Molte persone oggi si stanno chiedendo come mai gli italiani, di fronte alle malefatte sempre più evidenti dell’attuale capo del governo, non si indignano più di tanto e non si mobilitano in massa per rimandarlo a casa.
Necessariamente dobbiamo premettere che le risposte possono essere molte, tutte con un certo grado di validità. Possono essere molte, non solo perché le risposte nascono da opinioni diverse, ma anche perché diversi possono essere i livelli di profondità da cui si parte.
Si può cercare la risposta partendo dal quadro politico attuale, tentando di individuare responsabilità tra le mosse più o meno sbagliate dei partiti politici. Oppure la risposta potrebbe essere dedotta da un’indagine storica e sociologica sul popolo italiano. Anche partendo dal punto di vista culturale possono sorgere risposte più o meno interessanti.
Un altro punto di partenza, che non si sofferma sulle pur importanti caratteristiche specifiche di un popolo, è quello che sorge da una domanda che dovrebbe interessare ogni essere umano: quali sono le condizioni in cui vogliamo vivere?
Pur considerando l’infimo grado di informazione che si riceve, la stragrande maggioranza delle persone è consapevole della criticità della situazione attuale. Tuttavia la scelta che si segue con maggiore frequenza è quella di occuparsi esclusivamente della propria vita, disinteressandosi totalmente, o quasi, del disagio degli altri e di ciò che succede nel contesto sociale in cui pur si vive.
Quando si tratta di criticare i governi e in generale il sistema non c’è alcuna difficoltà a condividere anche con forza tali critiche, ma tutta questa forza d’incanto scompare quando si tratta di tentare un cambiamento delle condizioni in cui si vive. A quel punto un gran numero di persone è pronto anche a votare i partiti di maggioranza, subendo il ricatto di appoggiare l’attuale sistema pur di scongiurare eventuali sciagure derivanti dalla mancanza di quel voto. Tutto ciò succede nonostante questo gran numero di persone sa benissimo che viviamo in un regime di democrazia del tutto formale che non risponderà mai alle esigenze reali dei cittadini, ma solo ai dettami di potenti gruppi economici.
È la dittatura dell’egoismo e del pragmatismo a tutto discapito del futuro.
Infatti, se ognuno cercasse di rispondere alla domanda sulle condizioni in cui vuole vivere, sicuramente cercherebbe di appoggiare fenomeni di interesse futuro, come votare e chiedere il voto a favore di partiti più piccoli o come appoggiare la formazione di organizzazioni sindacali al di fuori del quadro stabilito.

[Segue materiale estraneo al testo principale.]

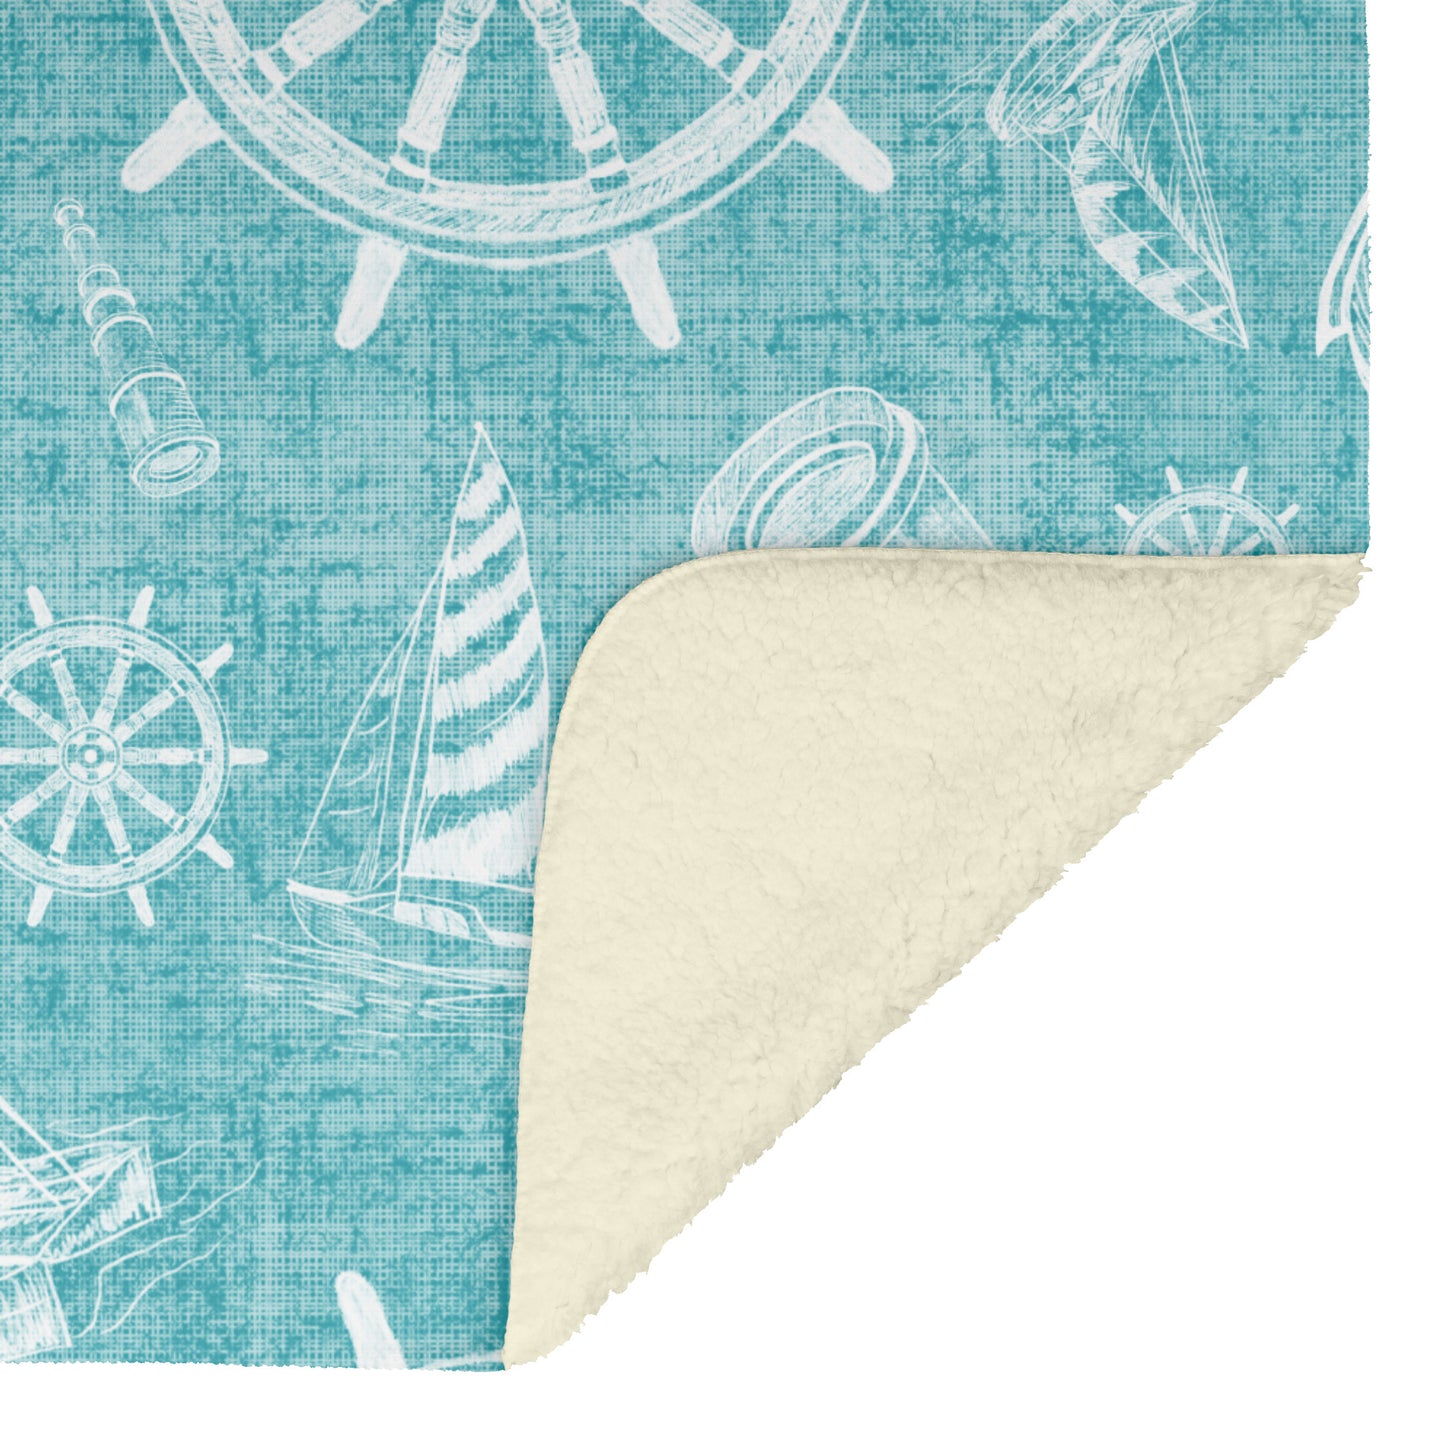 Nautical Sketches on Teal Linen Texture Background, Fleece Blanket
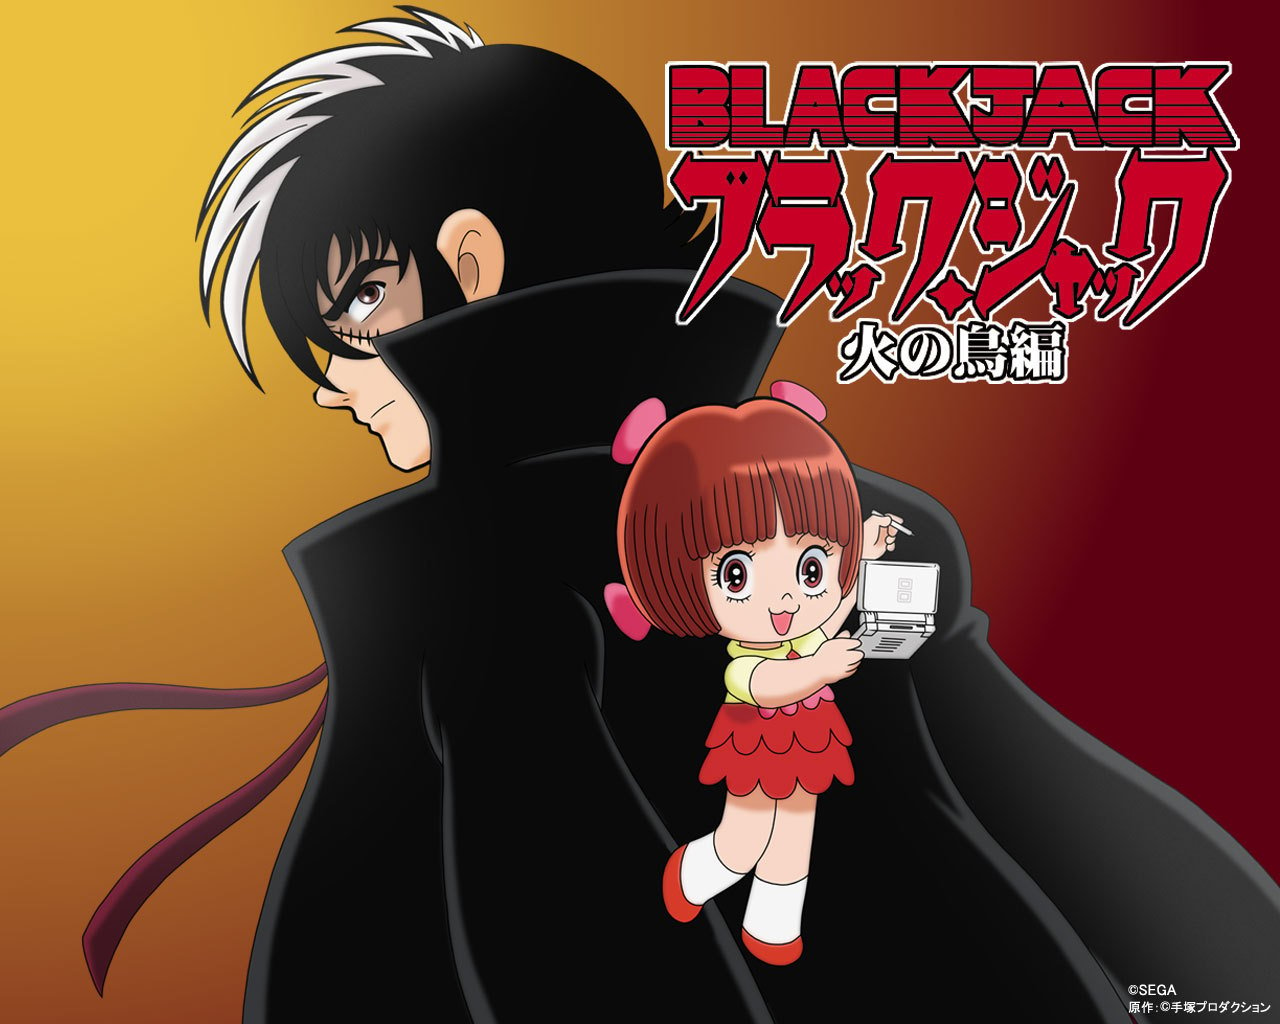 Black Jack - Clinical Chart Box Set (DVD, 2004, 3-Disc Set) OVA anime  719987241824 | eBay

Se ognuno fosse veramente consapevole delle condizioni in cui vorrebbe vivere, non starebbe così attento, come in una condizione ipnotica, al gioco di superficie dei vertici, dei notabili e degli opinionisti, ma starebbe molto più attento al lamento, molto spesso sotterraneo, del proprio ambiente immediato, del proprio quartiere, dei colleghi di lavoro, sapendo che è proprio lì, in quell’ambito che spesso si rifiuta perché sembra così limitato, che ricomincerà la ricomposizione del tessuto sociale quando le strutture centralizzate entreranno nella più totale crisi. Sulla scia di questa consapevolezza non si perderebbe tempo ed energia nel protestare contro la massiccia azione dei mezzi di diffusione controllati dai gruppi economici, ma ci si impegnerebbe nell’influenzare questi piccoli ambiti, approfittando di ogni occasione propizia di reale comunicazione sociale.
Tutto questo succede perché non si vuole rispondere alla domanda su quali sono le condizioni in cui si vuole vivere, credendo, in fondo, di essere vinti e di avere solo la possibilità di rimuginare in silenzio. E come viene chiamato tutto questo? “Dedicarsi alla propria vita”!
Cominciamo a riprenderci invece la capacità di scelta delle condizioni nelle quali vogliamo vivere e cominceremo a concepire la possibilità di un grande movimento di cambiamento, buttando all’aria la delusione che ci impedisce di proporci come protagonisti di un processo di trasformazione.